ショートショート②ぬるくなったアイスコーヒー(2020/07/18)
仕事帰りに喫茶店に行って、ぬるくなってゆくアイスコーヒーをだらだらと飲む。実はその時間が至福だったりする。
なんというか、コップにくっついている結露を見ていると、拭き取られるだけの存在と心を通わせられる気がしてくる。いや、もはや拭き取られさえされず、洗われるかもしれない。
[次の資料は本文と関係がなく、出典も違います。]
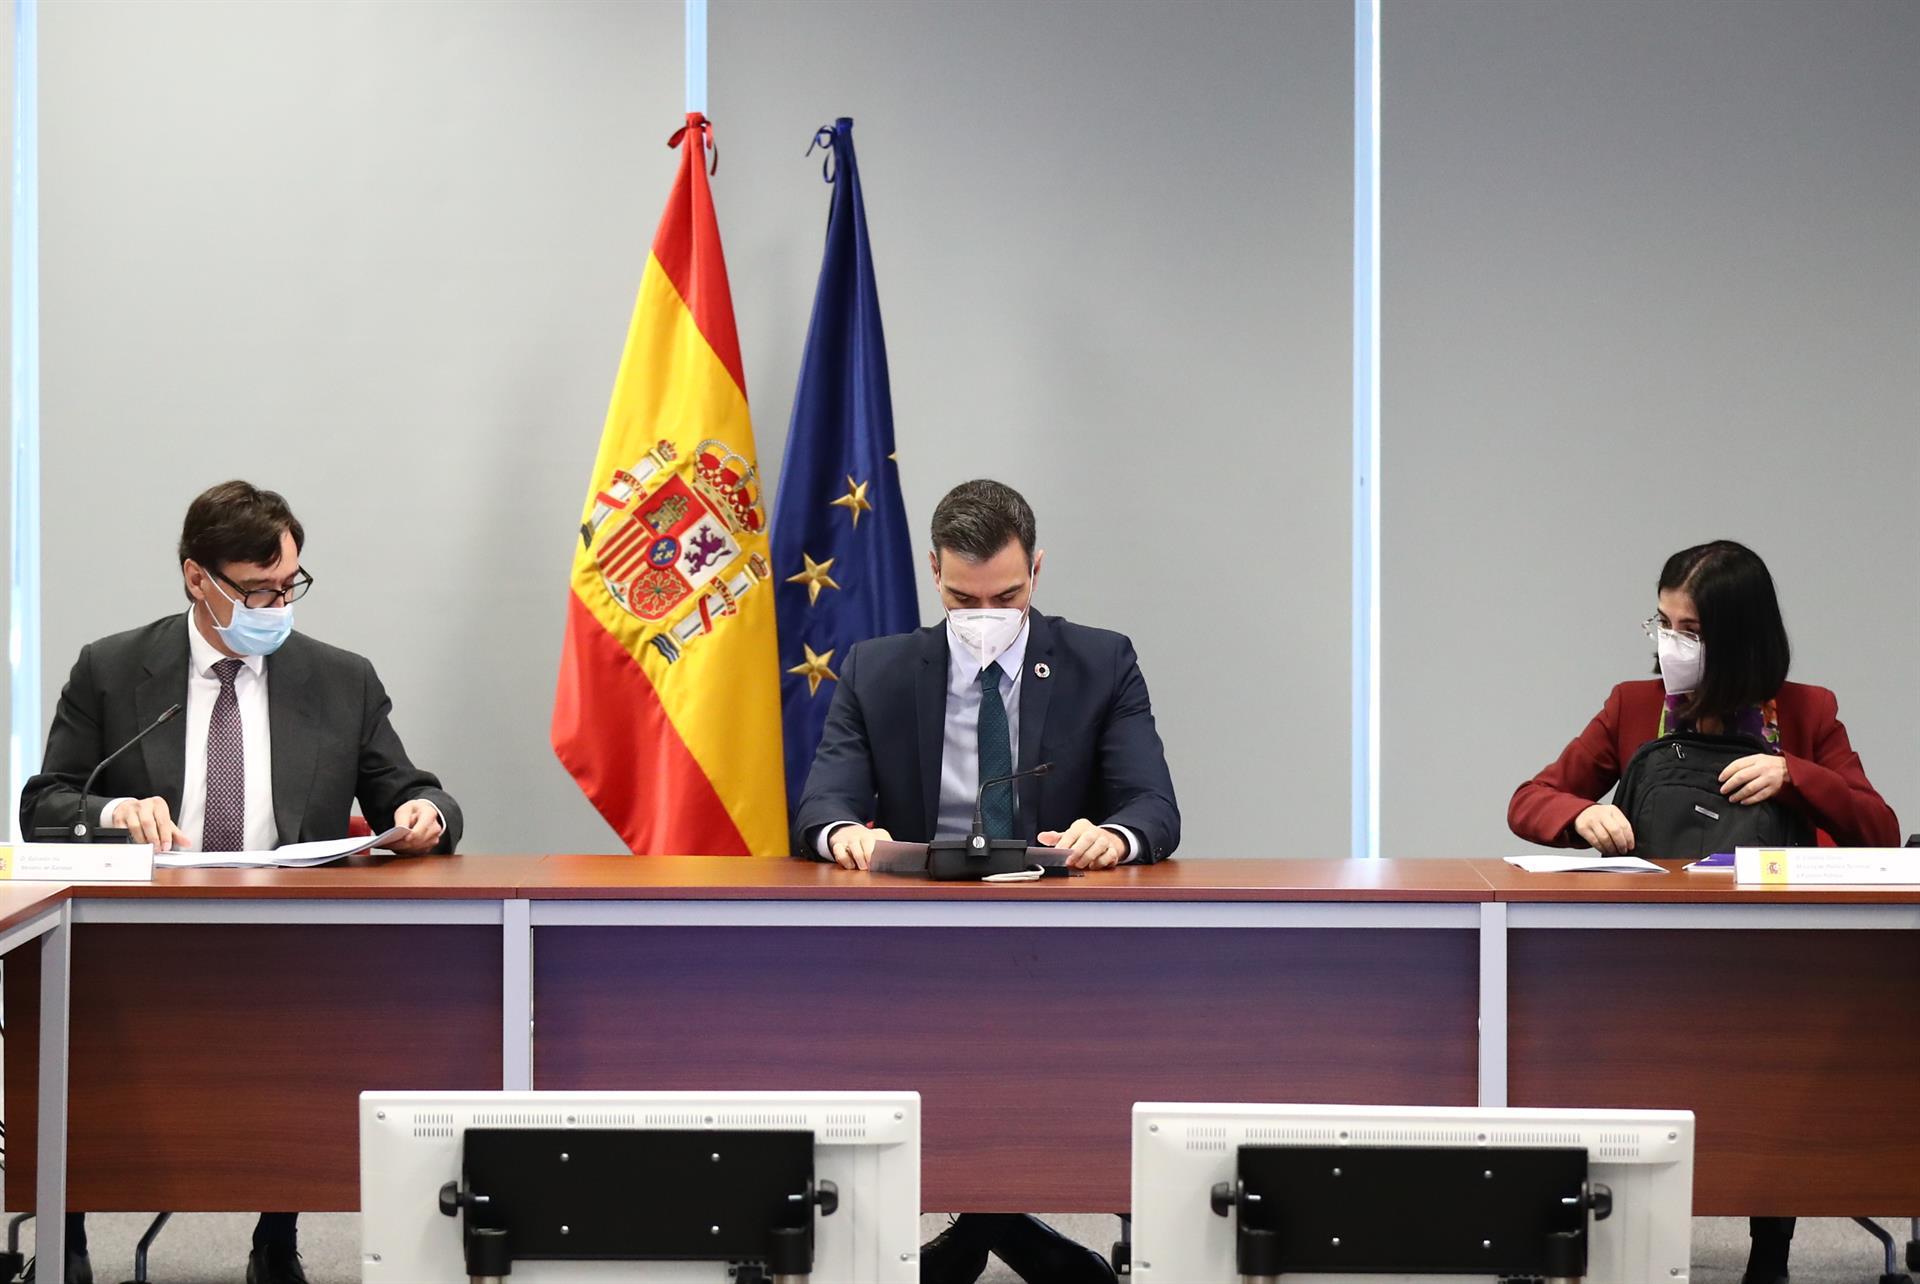 (I-D) El ministro de Sanidad, Salvador Illa, el presidente del Gobierno, Pedro Sánchez y la ministra de Política Territorial y Función Pública, Carolina Darias el 25 de enero de 2021. – Moncloa

でもそれならこの結露は、なんのために生まれてきたんだろう。冷えたアイスコーヒーが常温の場所にいる代償として涙を流しているのだろうか。
そんなことを考えると口に含んだアイスコーヒーの苦味が増す。
すでに口に含んだアイスコーヒーはこんなにも苦く感じるのに、これから飲むであろうアイスコーヒーは溶けた氷と混ざって、どんどん薄くなっていく。なんだかその反比例がとても怖い出来事のように思えて、使っていなかったガムシロップを全部入れた。
自分にもまだ、苦いものを甘くできる力が残っているんだなと思うと、氷とガムシロップで薄まったアイスコーヒーはぬるくて甘ったるくて、安心する。
本当は24,25歳くらいになったら喫茶店じゃなく、行きつけのバーで時間を忘れるのが夢だった。夢だった、と過去形にしてみたけれどまだ私は24歳になっていないし、実現可能であるかもしれないが、別に夢であるけれど叶わなくていいのだ。ただ自己陶酔して、夢と現実が乖離している方がいい。まだ自分がこの世に思い残すことがたくさんあることで、明日が輪郭を帯びるから。
それに、バー以外にもやりたいことはたくさんある。それらを紙に羅列して、もう一度安心する。スウェーデンに行く。ウズベキスタンに行く。カフェでバイトする。中村さんと友だちになる。占い師になる。友だちのバンドの歌詞を書く。文章上手くなる。
うん。大丈夫、私にはやるべきことがたくさんある。
だけど本当は、世の中に「やらなきゃいけない」「やるべき」ことも一つもない。それを分かった上で言葉に消費期限を付けて自分を縛ってなんとか生きてるんだ。今日もこんなにやることがあって、明日もやることがあって、そんな恵まれた環境にいればいつ退場しても絶対的自己満足の中に埋もれられる。そうやって時間に追われてる。
そうして時間をやり過ごしたと思ったら、今度はやることに追われすぎて身体と心が悲鳴を上げる。その繰り返しの毎日。だから自分の人生から他者の人生に逃げ込む。そうして言葉と時間から解放されてやっと顔をあげることができる。
でも今日は、私の現実逃避の手助けをしてくれる本が次のページで教えてくれたのは主人公の死だった。
悲しくてやるせなくて、彼を死なせてしまう世界を憎んだ。でも彼が死んてしまって価値が減った世界だからこそ生きていけると思った。
少しして視線を戻すとアイスコーヒーは涙でぐしゃぐしゃになっていた。